Комнаты мои находятся в доме госпожи Бест (вдовы портного) на Берлене, близь Лейсестерских полей; дом старый и обветшалый, совсем как владелица его, и за десять шиллингов в неделю я имею два верхних этажа: каморка, столовая и спальня. Натова постеля внизу, ибо я не желаю, чтобы кто-либо был рядом со мною, когда я сплю. Хозяйка дома – женщина препотешная, развалина, на коей краска намазана слоем толще, нежели чем плоть на ея костях, так что она чрезвычайно походит на некой мавзолей. Всех дел у нее, что возиться с ножничками да зубочистками, щипцами, духами, помадой, красками, притираниями да примочками; на лице ея столько нашлепок – того гляди задохнется насмерть, что твои обитатели Невгата[23]. В первый день моей болезни ее привел ко мне в спальню Нат, не знавший, что со мною делать.
Ах, господин Дайер, говорит она, Вы, я вижу, страдаете безмерно от подагры, как, было, и супруг мой приснопамятный – знали бы Вы, сколько бдений непрестанных, сколько трудов бесконечных да пробуждений среди ночи претерпела я по милости господина Беста. Тут она засуетилась у моей постели, дабы подбодрить меня, как она изволила выразиться, дружеским словом: все мои добродетели, шепнула, все, как есть, к Вашим услугам. Поднявшись, чтобы уходить, она, не дошедши до дверей, повернулась, словно сухой лист на ветру: я не преминула заметить, говорит, что Вам любезны старыя книги; стало быть, имеются у Вас и поэты для отдохновенья?
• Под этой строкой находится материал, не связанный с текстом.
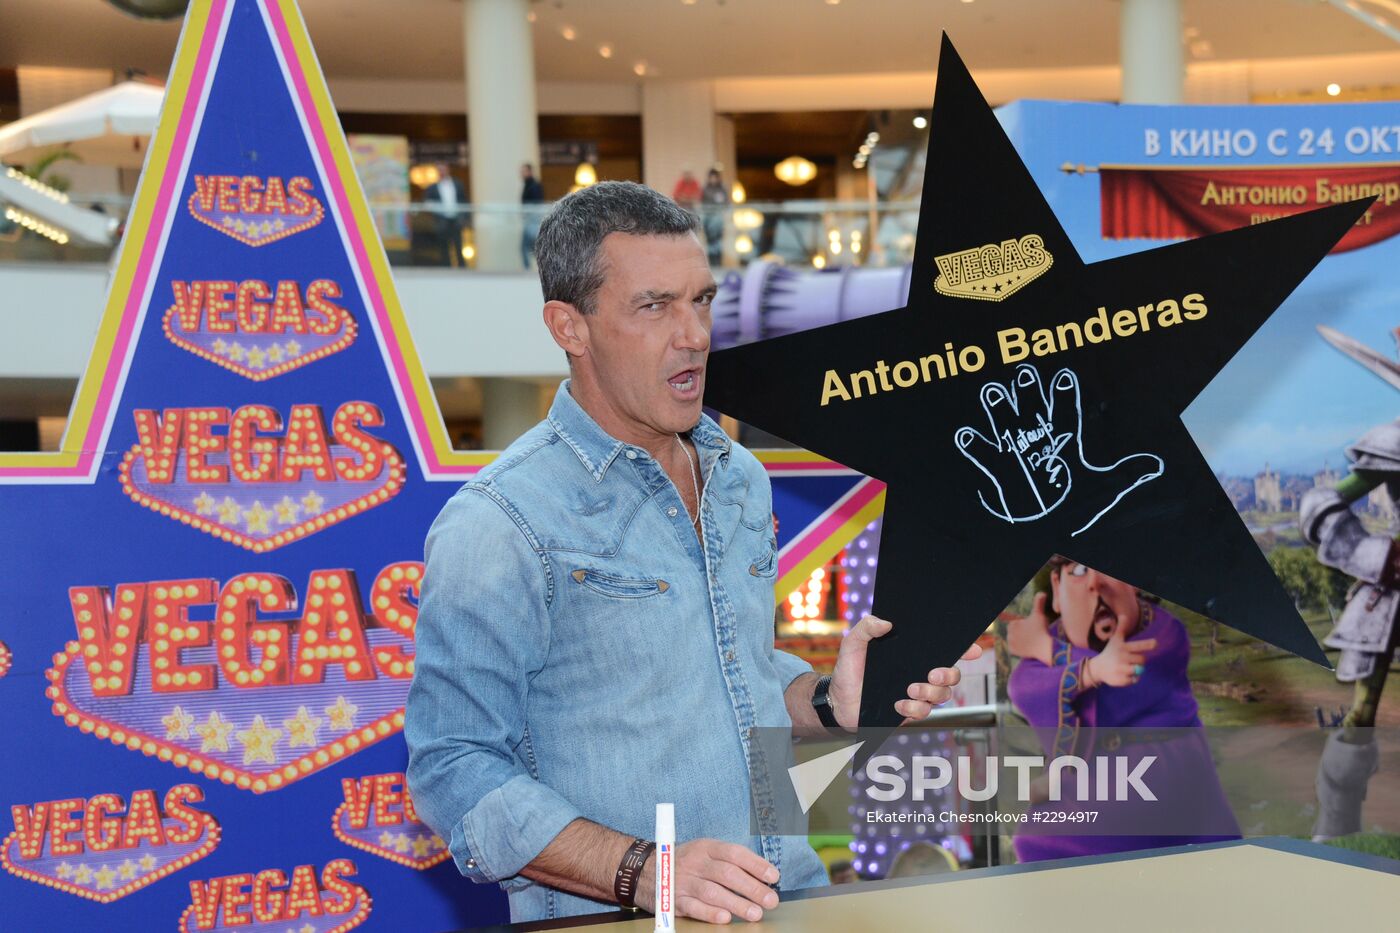 Ceremony of laying Antonio Banderas star of fame

Я откинулся назад, страдаючи от боли, она же приняла сей жест за утвердительный. Дозволите ли, продолжала она в манере самой что ни на есть фамильярной, показать Вам произведение моих досужих часов? И с тем отправилась вниз, в свою гостиную, а после снова вернулась, принесши с собою несколько эпитафий и элегий собственного сочинения. Не желаешь ли послушать, Нат Элиот? спрашивает она у моего мальчишки, разыгрывая предо мною жеманство, когда же он, разинувши рот, уставился на нее, то завела такую песню:
Повезло нам, сказал Нат после того, как она откланялась, в такое общество попасть – ведь чему только не научат поэты, а хозяйка-то мастерица рифмы плести. А рифмы – они мою память бередят, и с чего бы, ума не приложу, продолжал он.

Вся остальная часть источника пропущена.